Page 21 - 2019 How-to-Specify E-Book
P. 21

Vibration and Shock
Because many electronic military and aviation devices are subject to extreme forces of motion, it’s important to understand how a connector handles vibration and shock. Typical problems include:
• Accidental connector disengagement during extreme acceleration or deceleration from excessive gravitational (g) forces.
• Connector or contact disengagement during torsion or flexure of a PCB undergoing roll, pitch, yaw, and other abrupt motions.
• Micro-interruptions of the signal due to wear of contacts by vibrations.
A connector uses mechanically deflected metallic beams arrayed within a shell or housing to form an interface that is separable, yet essentially electrically invisible. Therefore, the first objective of connector design is to maintain the stability of the contact interface against all the factors that could cause signal or power loss.
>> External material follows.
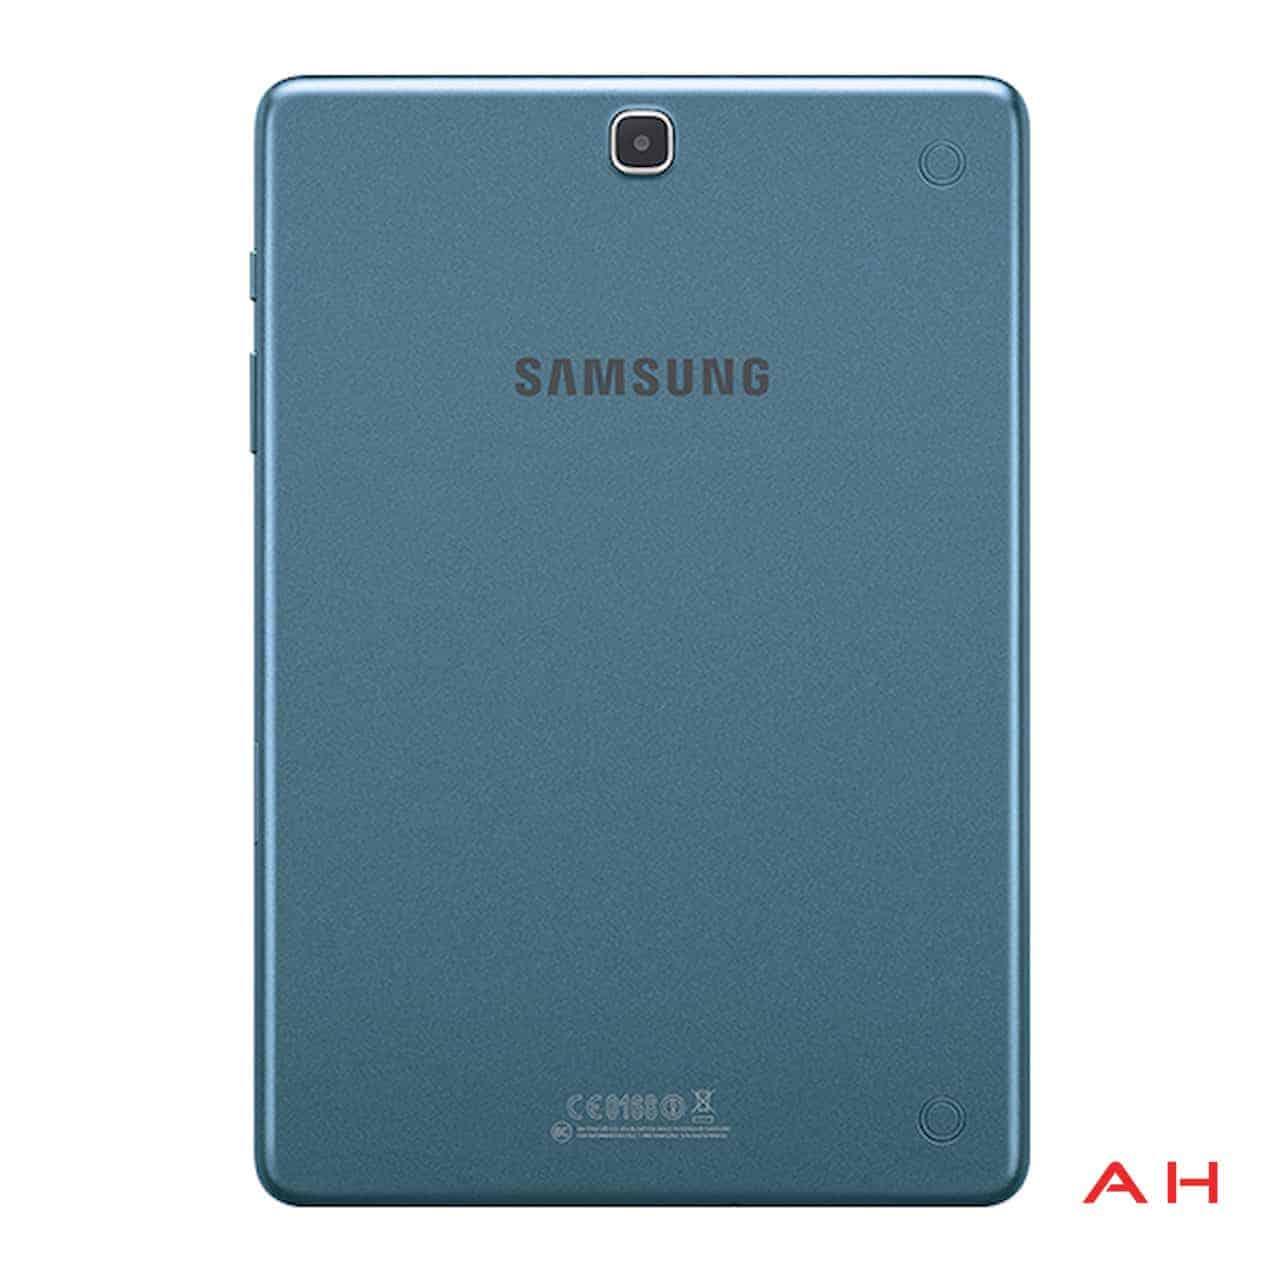 AH Samsung Galaxy Tab A 2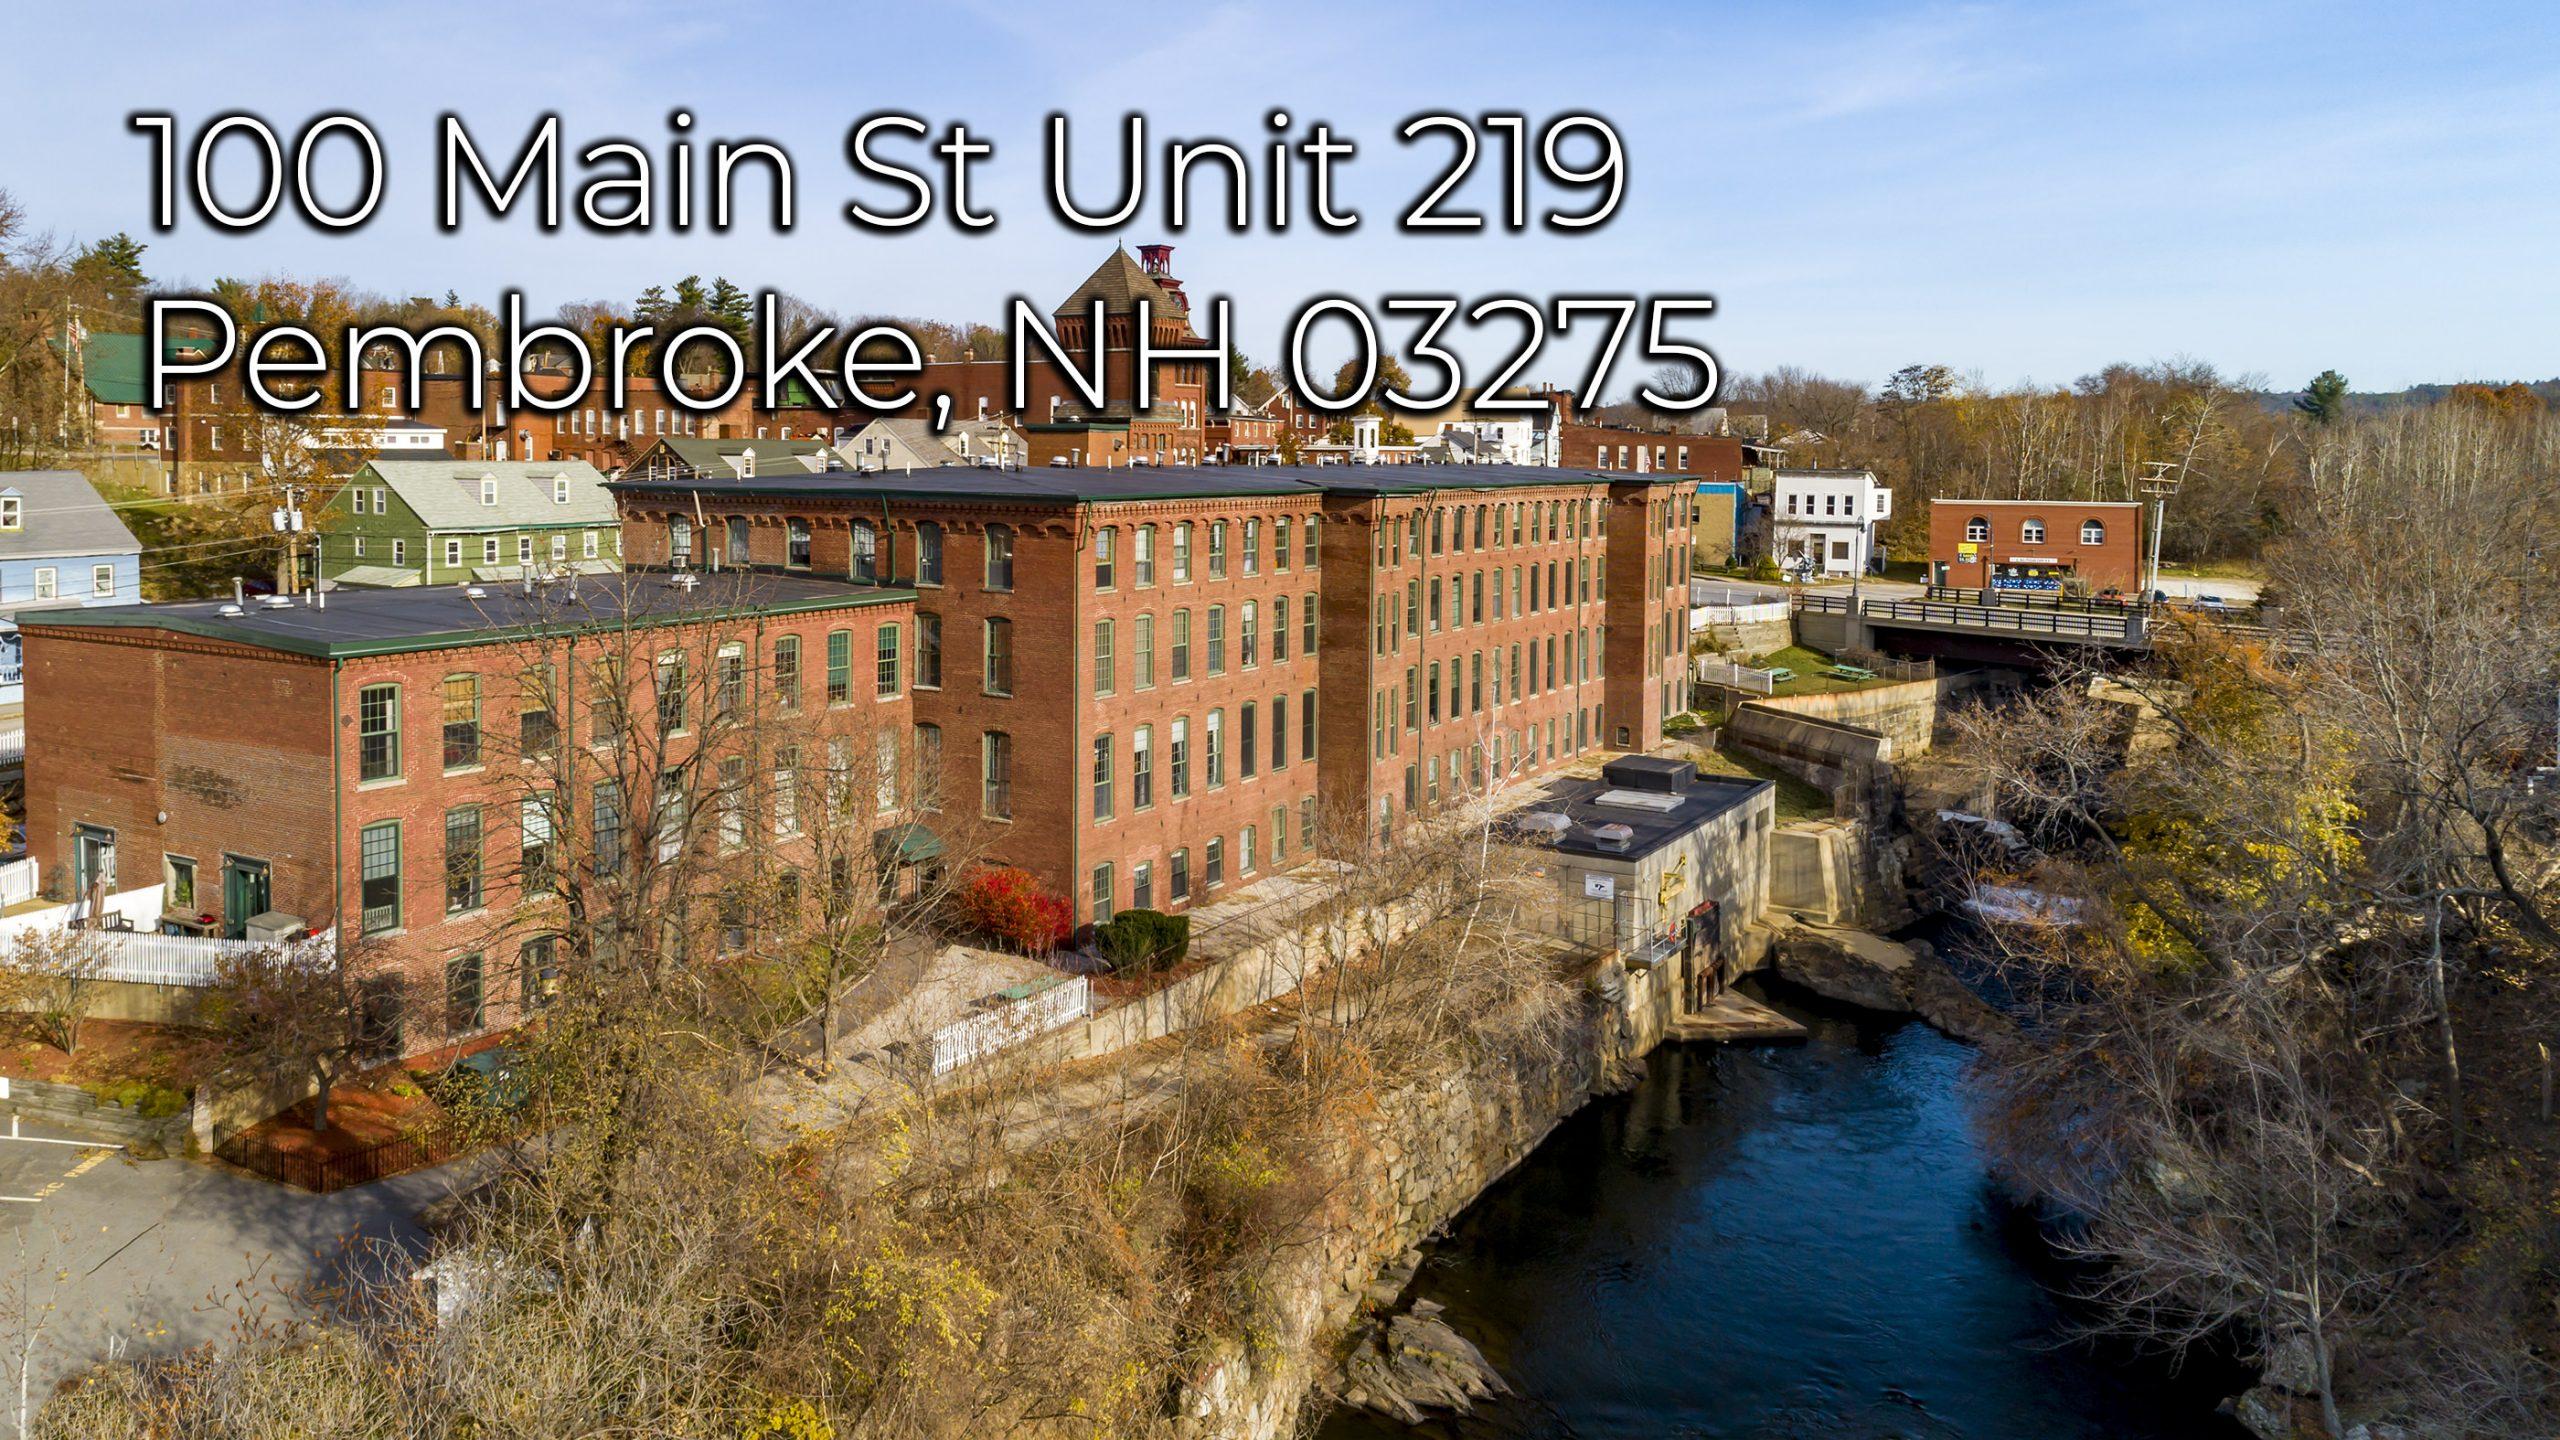 100 Main St Unit 219 Pembroke NH 03275

 TE Connectivity’s MULTIGIG RT 2-R is a pin-less backplane PCB connector with a quad-redundant contact system that increases reliability in high-vibration environments and meets VITA 72 environmental performance requirements.
At a macro level, vibration and shock can involve gross physical displacement or create a gap between the mating elements. At a micro level, fretting motion (or micro-motions) can gradually wear through the surfacing coating or plating of the mating surfaces, contributing to fretting corrosion. Solutions to these problems include:
• Designing contacts with sufficient contact forces so vibration doesn’t cause the beam to jump.
• Applying plating with enough thickness and quality to withstand the wear of fretting motion.
• Increasing the points of contact at the separable interface to provide redundancy through multiple contact points.
• Use of appropriate contact lubricants or surface treatments that inhibit fretting.
Beam design is another important element of vibration resistance. In a two-point connector, each contact spring beam makes a single point of contact with the mating wafer pads. In connectors with a four-point or quad- redundant contact system, the contacts are designed so each beam makes two points of contact. This feature roughly doubles the contact patch area and helps balance vibration loads by spreading the impact of fretting motion over a larger surface area.